If you look into the file myisamdef.h you will find the typedef struct st_mi_state_info and I've added the variables of this structure as a description together with some explanations next to the hex-values taken from the MYI-file.

When you scroll down this list to the end you will see the number 9 and this is exactly the number 9 I'm writing about.

We are here in the area of statistics, these numbers are statistics about the distribution of records (=keys) in the index. There are more statistics but I want to focus on the number 9.

Let's look at the last group of lines in the MYI-file above and start with the first entry. As the first index is named EVP and created on one column (=EVP) only so you will see only one number in the list above: 0x0371 (=881d). And therefore the optimizer expects to find 881 records on average²⁾ when accessing this index with a value.
Next there are 3 numbers which belong to the index Ind1, the next index in the list of indexes defined on this table. As before the fist number 0x01C0 (=448d) describes the estimated number of records when accessing this index via a tuple (PZN), the second number 0x06 tells that it expects 6 records to read when it accesses the index with a tuple (PZN, ArtikelText), again an incomplete access to the index. And the 3rd number is 0x01, so when you access this index with a tuple (PZN, Artikeltext, Hersteller) you will find only one record. Please keep in mind that these numbers are estimations as exact numbers are not available.
I want to omit the other entries so I describe only the entries for the index PznHerst as this index is used in the execution of our statement. The first number is 0x01C0 (=448d), so for accessing this index with a tuple (PZN) we can expect to read 448 records on average. The next number is (drum-rolling in the background and a short pause to increase the suspense) 0x09 (end of drum-rolling) and this is the number of interest in this post. So for searching this index with a tuple (PZN, Hersteller) we expect to read 9 records.

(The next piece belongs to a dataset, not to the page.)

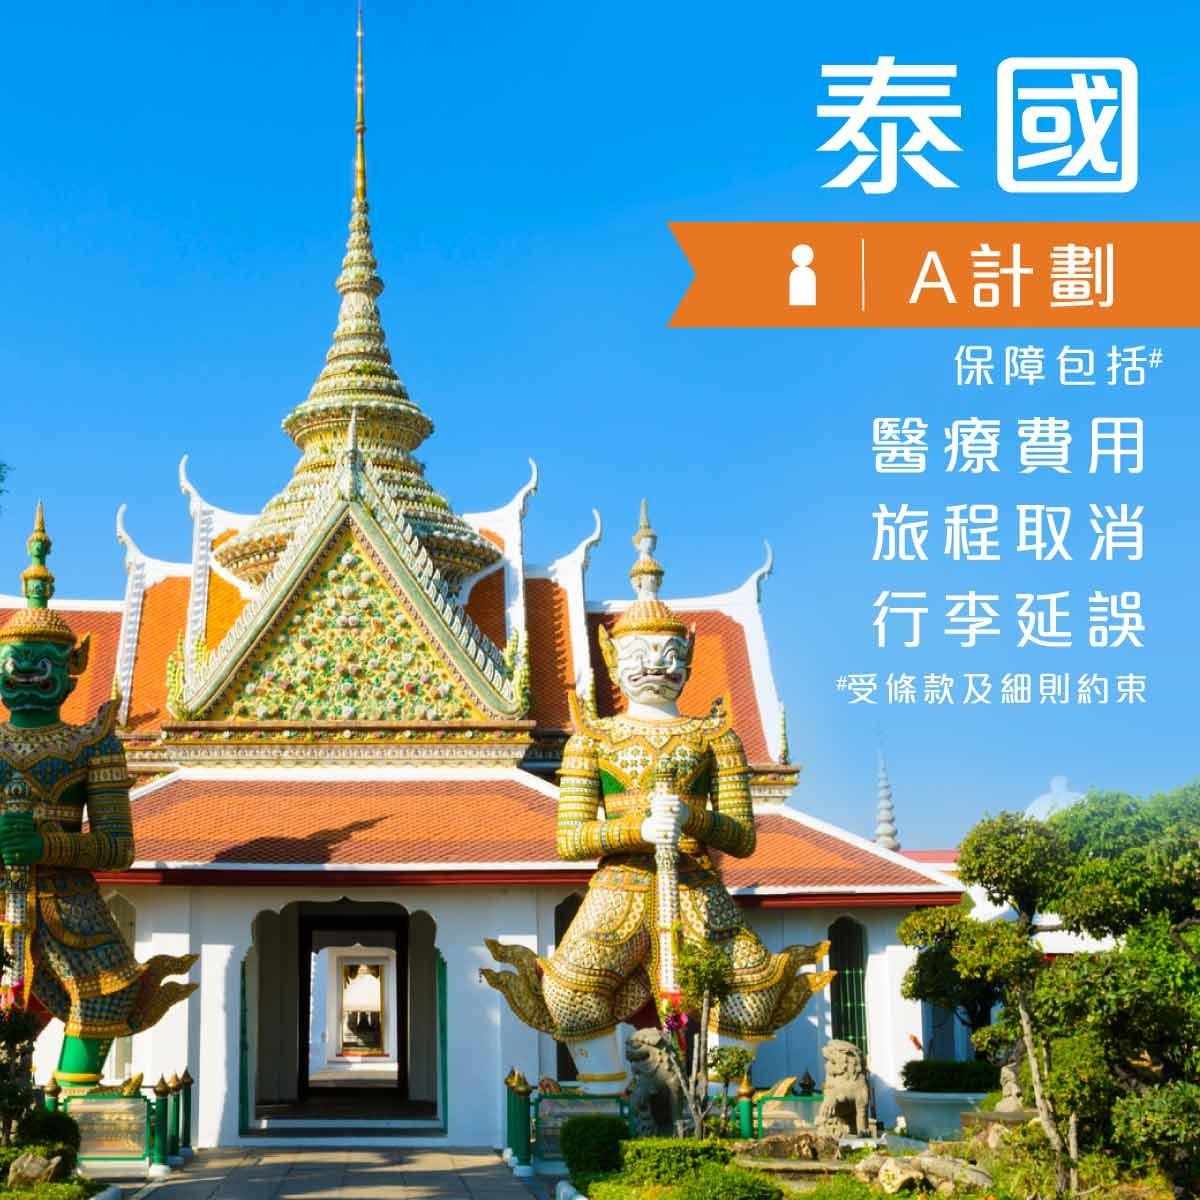 泰國 - 單次個人旅遊保險 (只限成人)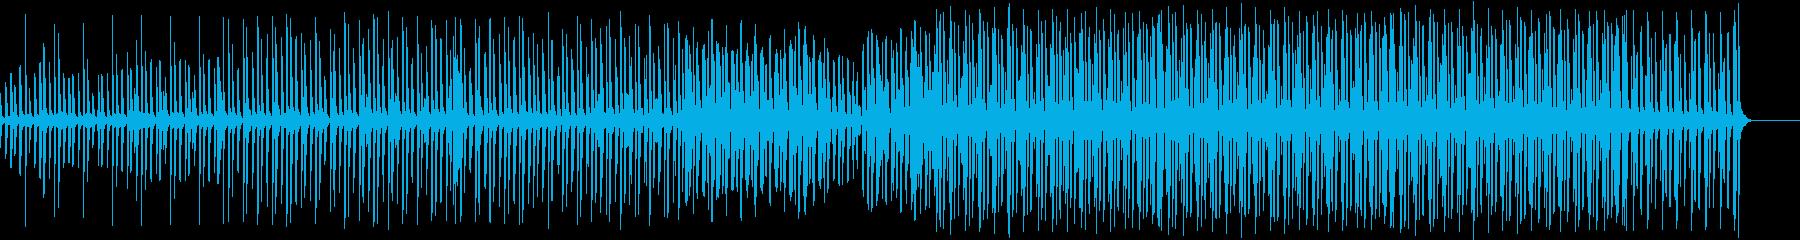 クール・怪しい感じのHipHop系ソングの再生済みの波形

Done. No not, how is the number 9 computed?

querying the table

So let's look at the data and check whether these number are correct:

MariaDB [TestOpt]> select count( distinct Pzn) from TestBig;
+----------------------+
| count( distinct Pzn) |
+----------------------+
|                22298 |
+----------------------+
1 row in set (0.00 sec)

MariaDB [TestOpt]> select count(distinct Hersteller) from TestBig;
+----------------------------+
| count(distinct Hersteller) |
+----------------------------+
|                       2581 |
+----------------------------+
1 row in set (1.82 sec)

MariaDB [TestOpt]> select count( distinct Pzn, Hersteller) from TestBig;
+----------------------------------+
| count( distinct Pzn, Hersteller) |
+----------------------------------+
|                          1158300 |
+----------------------------------+
1 row in set (24.39 sec)

MariaDB [TestOpt]>

The first query tells us that we will find 22,298 different values in the column PZN. Keep in mind that we have 10 mio records in our table, so 10,000,000 / 22,298 = 448³⁾et voila we have the first of our numbers. If we assume that our entries for PZN are uniformly distributed so we will have 448 records in the table for each value in the column PZN. This is unrealistic, some values will occur more frequently then others but we are making guesses and as long as we don't have exact numbers we will stick with the value 448.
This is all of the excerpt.